▶ **TASK PROMPT**: Please repeat the whole listing exactly, but leave the pictures out.

▶ **DATA EXTRACT**:
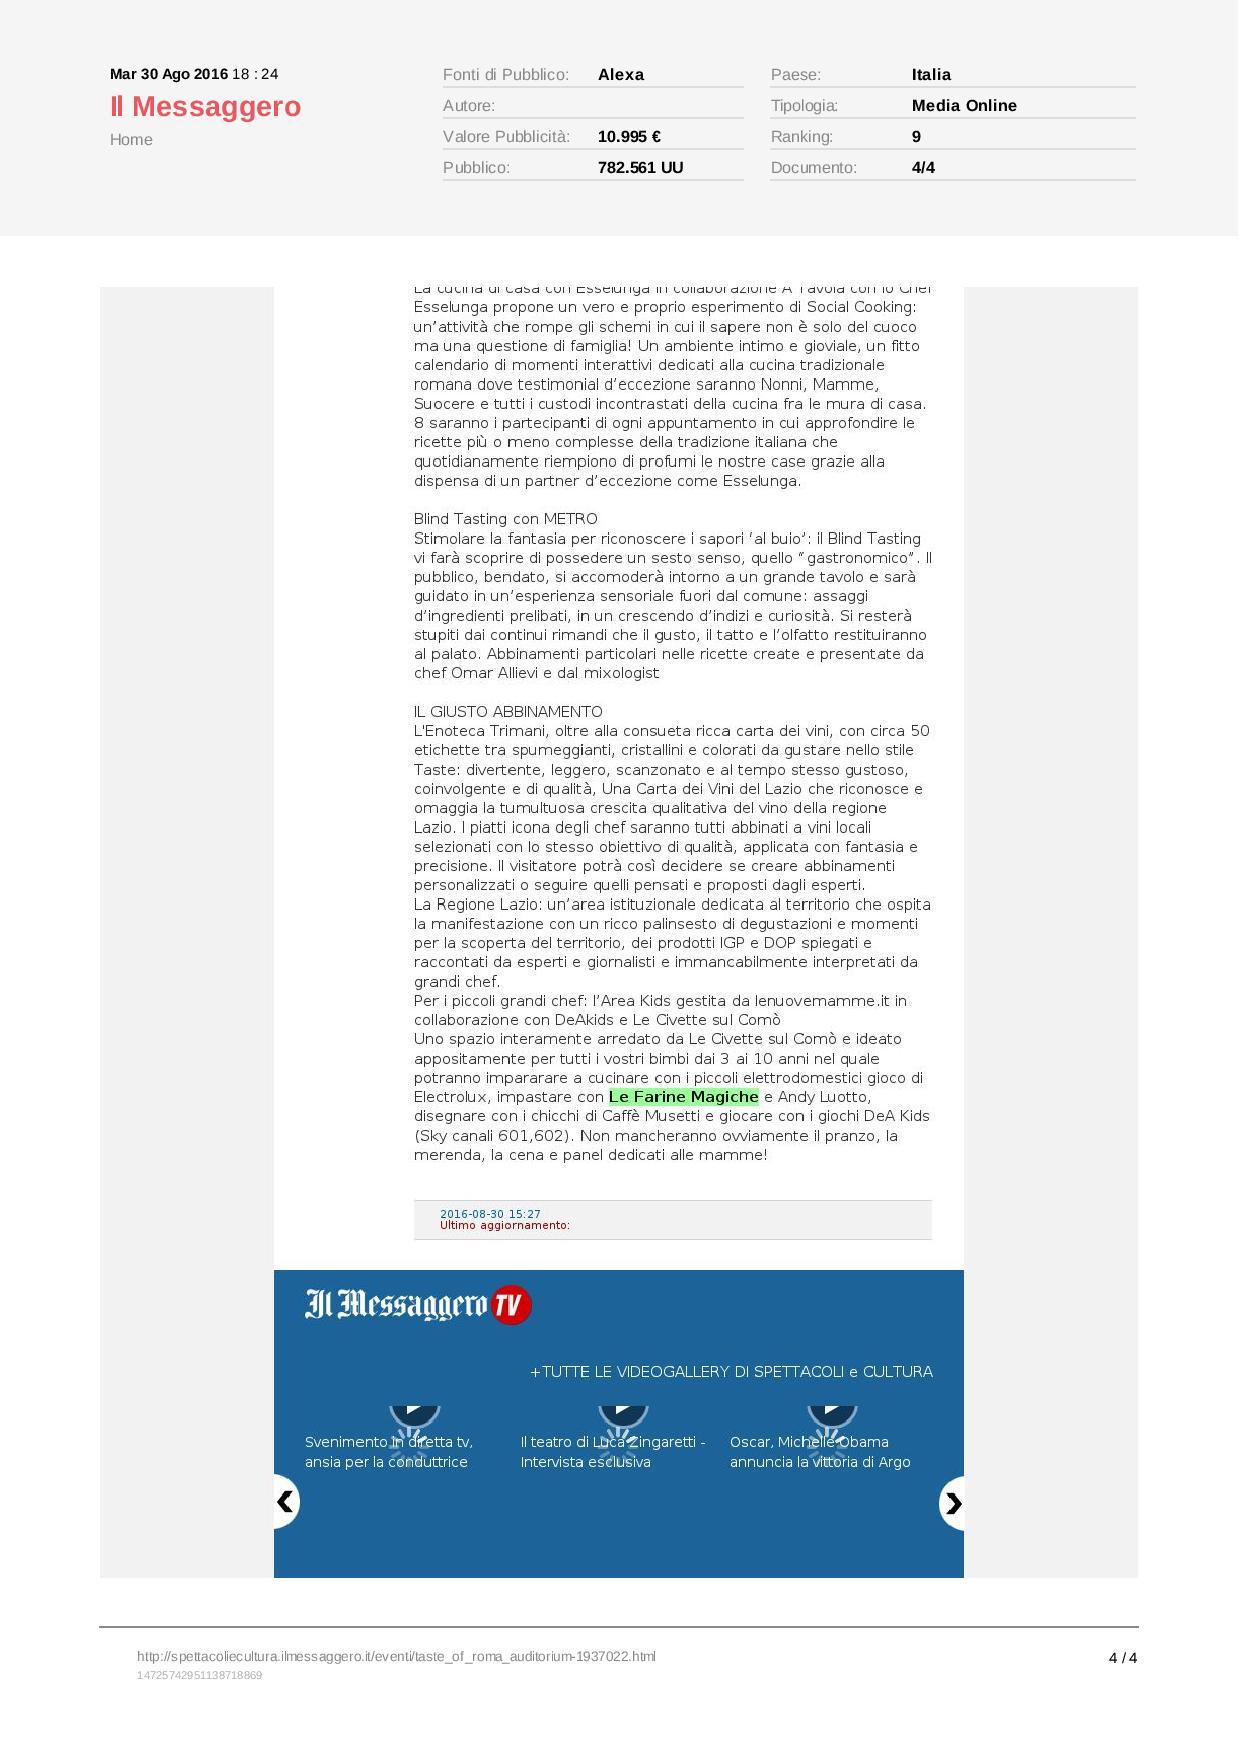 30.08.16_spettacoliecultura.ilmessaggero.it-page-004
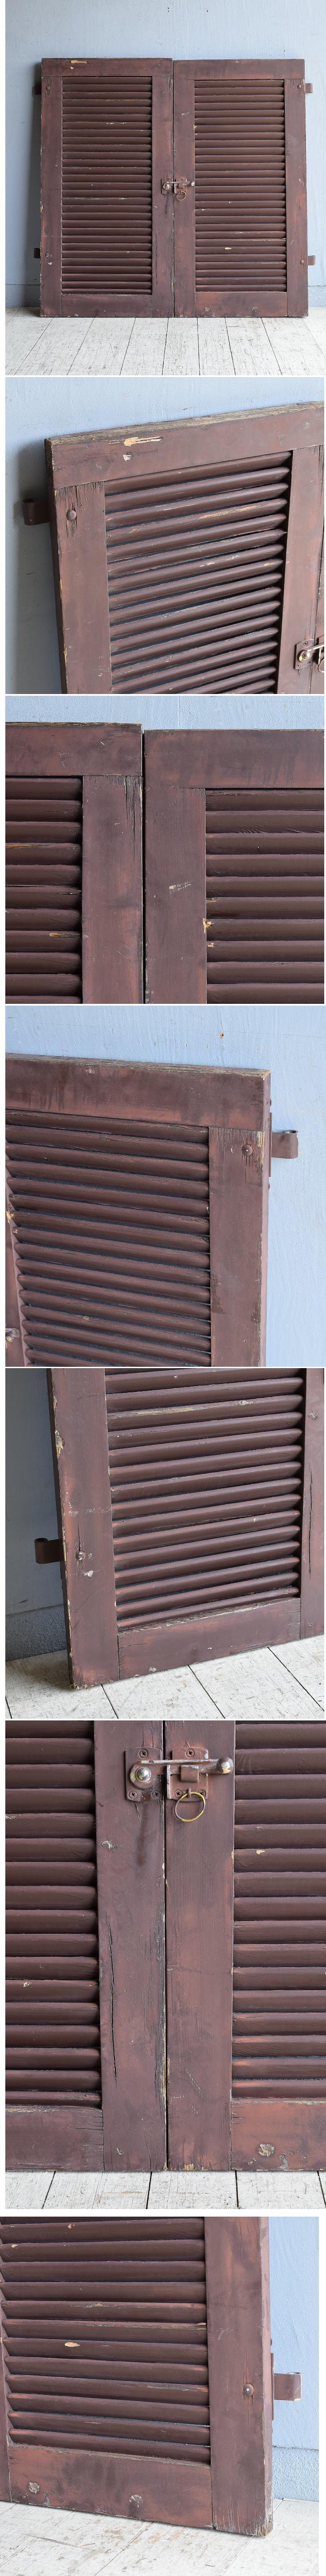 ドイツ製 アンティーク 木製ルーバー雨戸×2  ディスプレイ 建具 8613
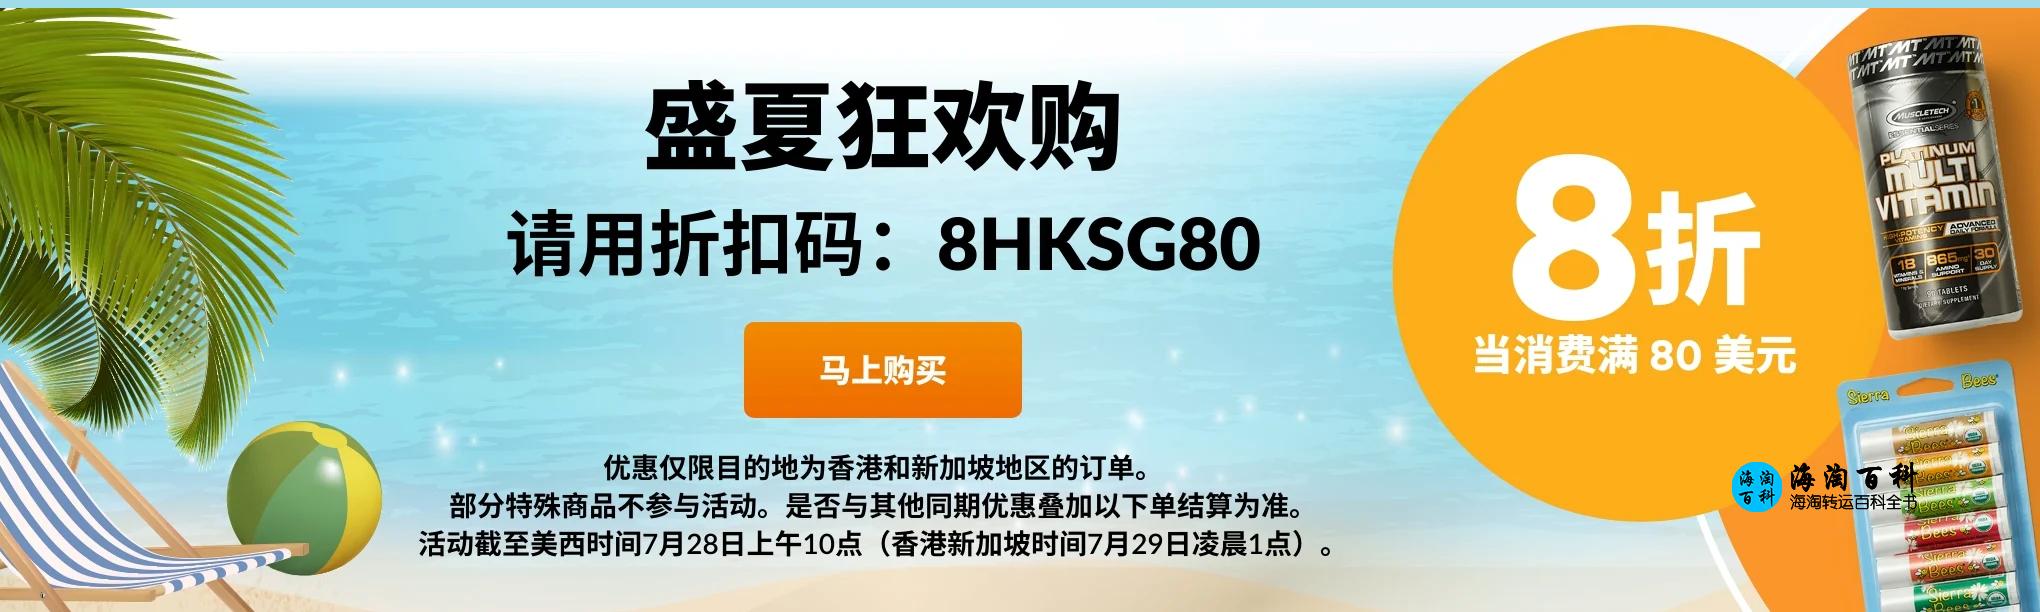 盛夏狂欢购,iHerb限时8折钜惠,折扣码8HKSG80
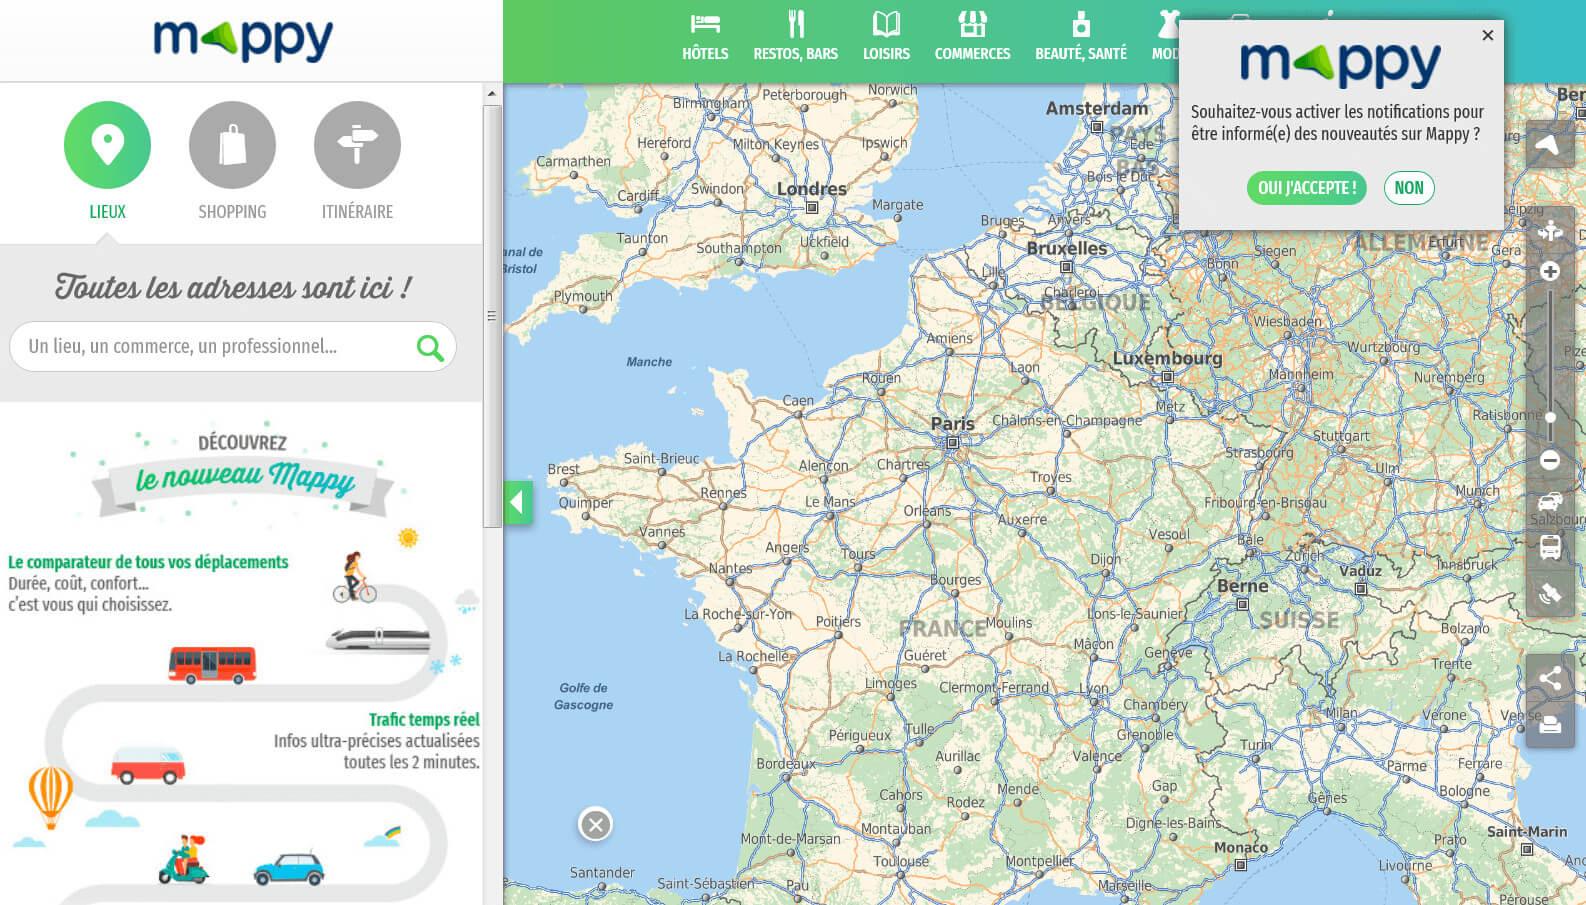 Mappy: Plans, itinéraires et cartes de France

▶ **RESPONSE FOR THIS EXERCISE**:
 30.08.16_spettacoliecultura.ilmessaggero.it-page-004
 ドイツ製 アンティーク 木製ルーバー雨戸×2  ディスプレイ 建具 8613
 盛夏狂欢购,iHerb限时8折钜惠,折扣码8HKSG80
 Mappy: Plans, itinéraires et cartes de France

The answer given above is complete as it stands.